Friday, November 18, 2005

A Digression on Gaming

I know I rarely discuss things outside politics, but I was struck by this comment by Roger Ebert in his "Answer Man" column, and felt like bringing it up.

Q. I've been a gamer since I was very young, and I haven't been satisfied with most of the movies based on video games, with the exception of the first 'Mortal Kombat' and 'Final Fantasy: The Spirits Within.' These were successful as films because they did not try to be a tribute to the game, but films in their own right.

I have not seen 'Doom,' but don't plan to, nor do I think that it's fair to say that it pleases all gamers. Some of us appreciate film, too. That said, I was surprised at your denial of video games as a worthwhile use of your time. Are you implying that books and film are better mediums, or just better uses of your time?

Films and books have their scabs, as do games, but there are beautiful examples of video games out there -- see 'Shadow of the Colossus,' 'Rez' or the forthcoming 'PeaceMaker.'

A. I believe books and films are better mediums, and better uses of my time. But how can I say that when I admit I am unfamiliar with video games? Because I have recently seen classic films by Fassbinder, Ozu, Herzog, Scorsese and Kurosawa, and have recently read novels by Dickens, Cormac McCarthy, Bellow, Nabokov and Hugo, and if there were video games in the same league, someone somewhere who was familiar with the best work in all three mediums would have made a convincing argument in their defense.
This comment honestly surprised me. That it has been said by a film critic, for one, as their medium had been dismissed as unserious and unimportant for decades before it gained what recognition it has... and some people still dismiss it compared to other artforms. It was even more suprising coming from Roger Ebert, considering his love of animation, which is another artform that has been generally dismissed as unimportant trifles for children.

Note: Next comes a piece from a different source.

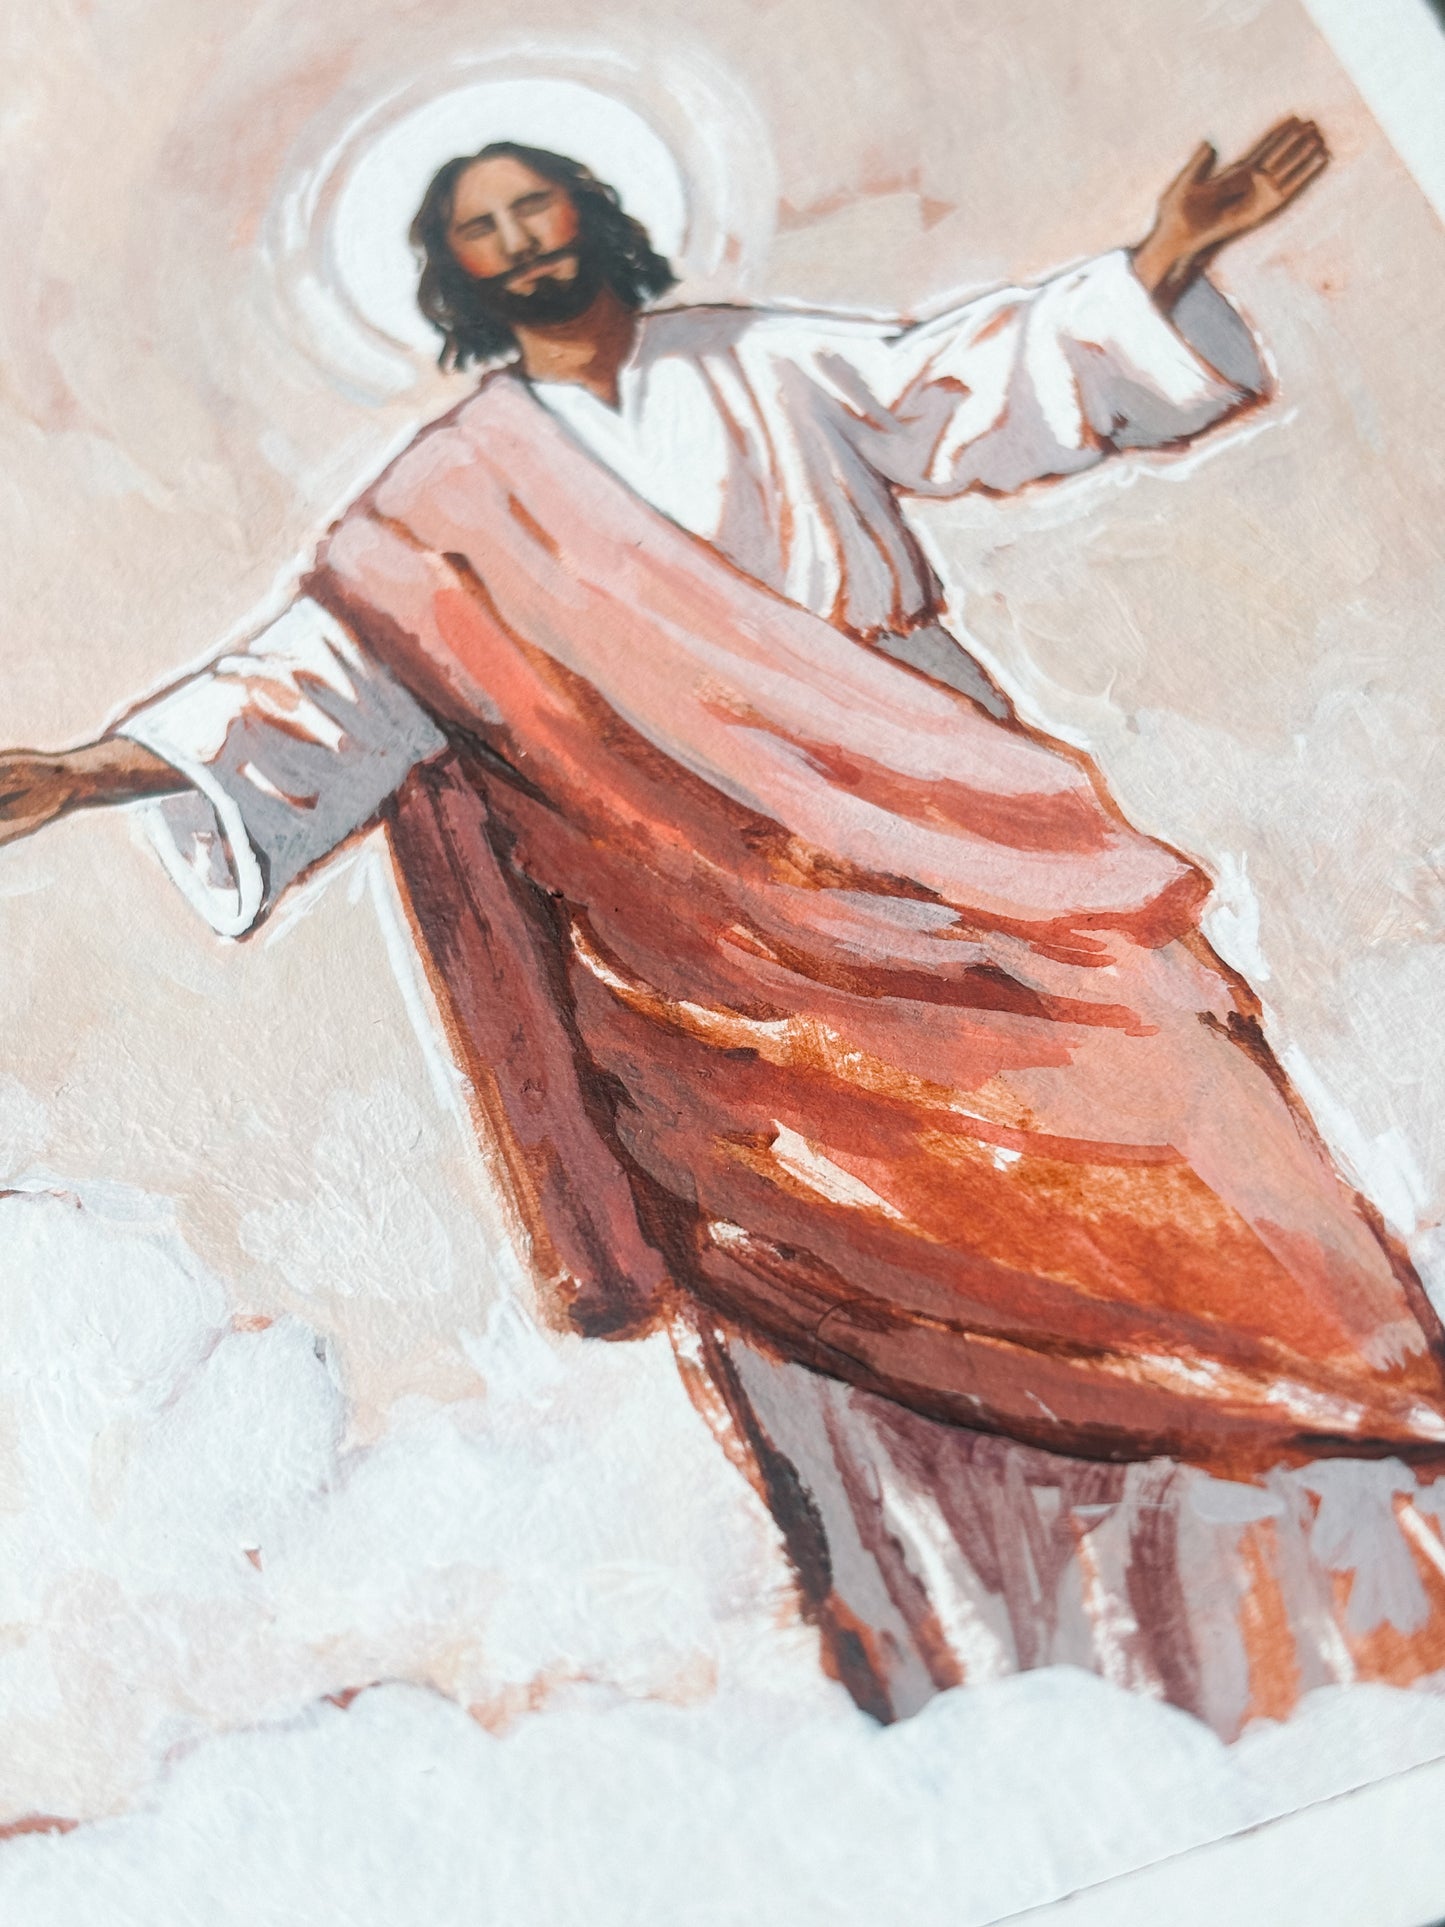 'My Redeemer Lives' 5x7 inch original painting

That it's a clear logical fallacy also surprised me. This sort of basic argument from authority (if it were important, somebody in authority would have told me) is beneath Roger. The simple possibility that the argument in games' defense doesn't exist because nobody Roger knows has made it yet does not mean that it has not been made, and cannot be made, and that it were somehow incorrect in both cases. If you extended this logic to its conclusion, there could be no new art forms, because everybody would be referring to a lack of an authoritative argument, including the authorities that could make it!.

If he had said "I don't have the time to check", that would be lazy, but true. Trying to make a blanket statement based on this sort of reasoning smacks of intentional know-nothingism, however, and is truly disappointing. It's especially disappointing because the games cited actually are excellent examples of what the medium can do: Rez is an work of narrative ambiguity, symbolism, and synaesthesia that has the additional benefit of being a lot of fun to play, and Shadow of the Collossus is one of the most subtle, minimalist, yet effective examinations of moral ambiguity, power and futility, responsibility, and even (to a certain extent) viewer intersubjectivity I've ever experienced. It's also visually arresting; the game takes its name from the enormous (hundreds of feet tall) stone creatures that the main character is tracking down and destroying, and the sense of scale takes ones breath away.

(I'd say more, but don't want to spoil anything. I will say that the ending of that game features some of the most tragically brilliant moments in narrative fiction, and yes, I'm serious.)

David Cage's Fahrenheit is a great example of the possibilities of gaming as well, although being self-consciously cinematic in presentation. Ebert brought up Kurosawa? I'd argue that it out-Rashomons Rashomon.

The two playable characters in the game (to simplify it tremendously) are a possibly insane (or possibly innocent) fugitive who has unwittingly committed a murder and the police officer trying to catch him. Often the decisions made by the one affects the other, and having to play both sides forces players to balance their sympathies between fundamental antagonists in a way that is difficult in to replicate in any other medium, due to the greater involvement gamers have with the protagonists. In Rashomon viewers are forced to choose who to believe; in Fahrenheit viewers are forced to try to reconcile themselves with being both. I am an enormous fan of Kurosawa, but I think Cage has done something important too.

And these are just games that are popular right this second (except for Rez). There are a ton of other examples. It's a pity that Roger is so unwilling to try new things, because I feel that with this past generation, gaming really came into its own. At the very least, the best games are better than 99% of what one sees at the theatre nowadays. If Roger could give 3-1/2 stars to Anaconda, I think he might just find some value in Shadow of the Colossus.